#### [Task prompt]
Reproduce each line below precisely. Drop the pictures.

#### [Recorded information]
--- START ---

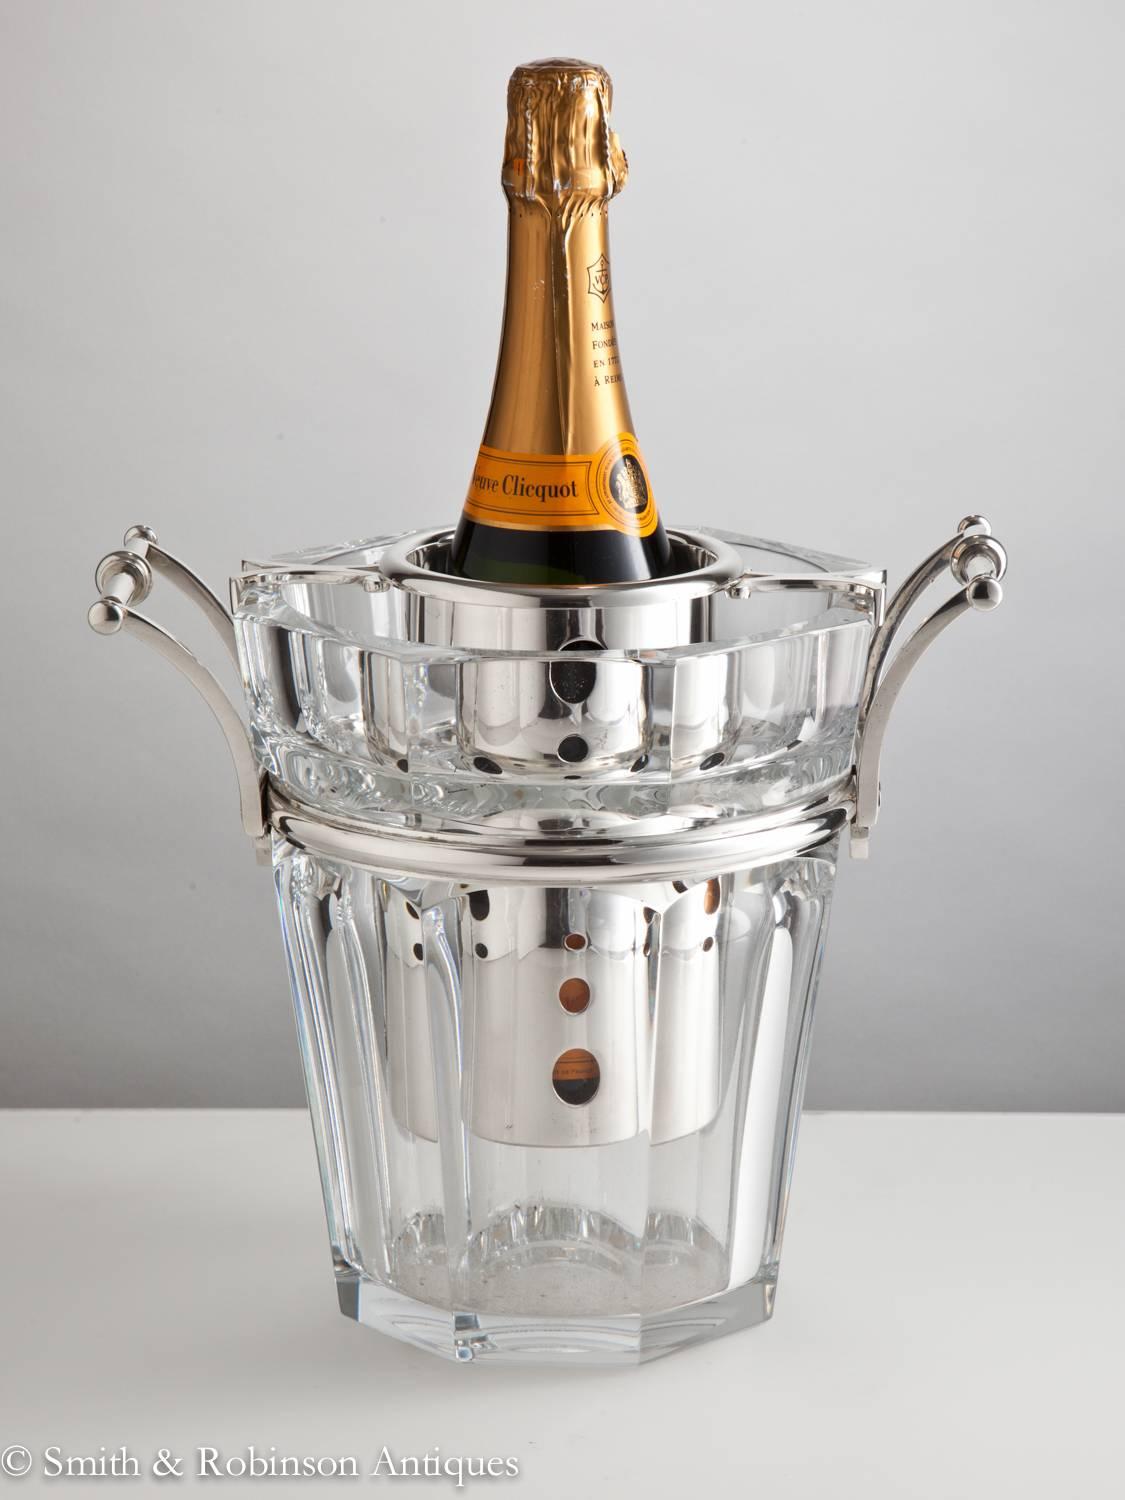 Time for a celebration!
A very impressive centrepiece Baccarat champagne cooler.
The quality of the thick glass body and metal work is stunning. It is in perfect condition and complete with all original components as shown.
Makers mark stamped on

--- END ---

#### [Result]
 Time for a celebration!
A very impressive centrepiece Baccarat champagne cooler.
The quality of the thick glass body and metal work is stunning. It is in perfect condition and complete with all original components as shown.
Makers mark stamped on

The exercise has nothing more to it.